Closed drewli815 closed 3 years ago
The objective of our system is to predict the genres of some movies that we don't know their exact genres, by using some other features of those movies, like posters or overview. Then we recommend such predicted movies to different users according to the users preference table.
To build our system, our collaborated project mainly consists of three steps.

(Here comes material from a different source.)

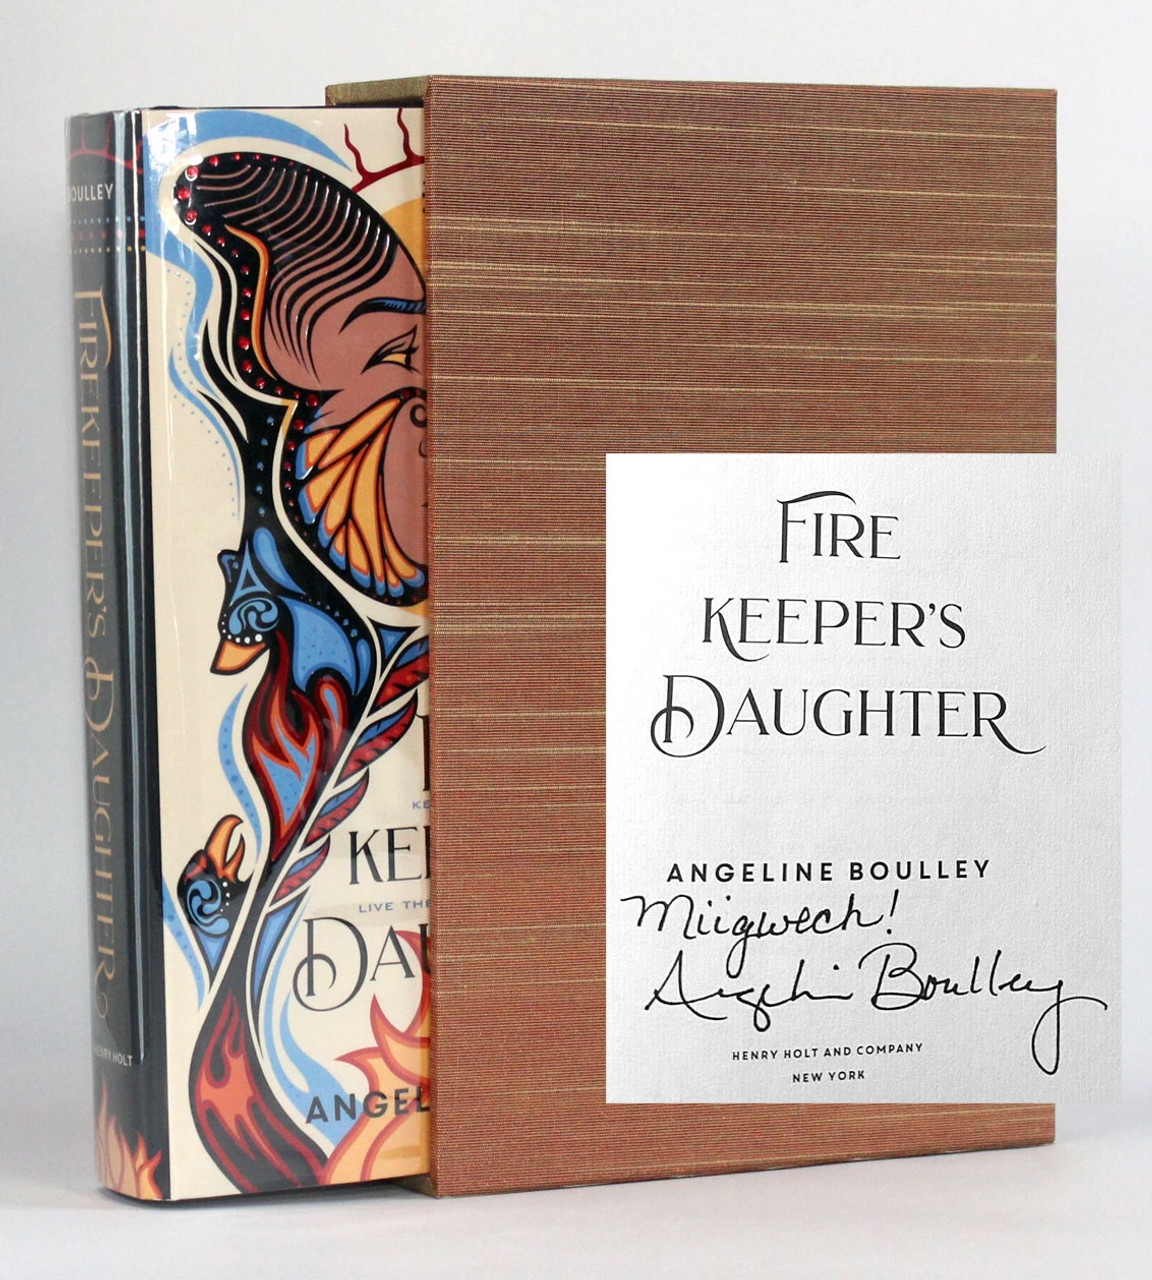 Angeline Boulley "Firekeeper's Daughter" Signed First Edition, First Printing, Slip-cased Limited Edition of 10 w/COA [Sealed]

step1-use the text dataset to build users preference table and save the outputs file URL:https://texera.ics.uci.edu/workflow/151
step2-Make- build CNN model for image classification in pytorch environment and save the trained model URL:https://texera.ics.uci.edu/workflow/176
step3-predict test movies with trained model and recommend them to different users, then combine our results URL:https://texera.ics.uci.edu/workflow/164
Step 2: Text Classification URL: https://texera.ics.uci.edu/workflow/163
For my text classification model, I focused in the overview feature, which contained a brief description of the specific movie. I first performed some aggregation and combined the relevant dataframes into one. Using a Python UDF operator I performed some basic text cleaning, in order to make the overview column more adaptable for the machine learning model. Next, I wrote a script for the genre classification, using a logistic regression model. For my output table, I displayed the f1-score and precision of my model. One limitation I faced was the ability to transfer model into another workflow, which we settled by saving the model to disk.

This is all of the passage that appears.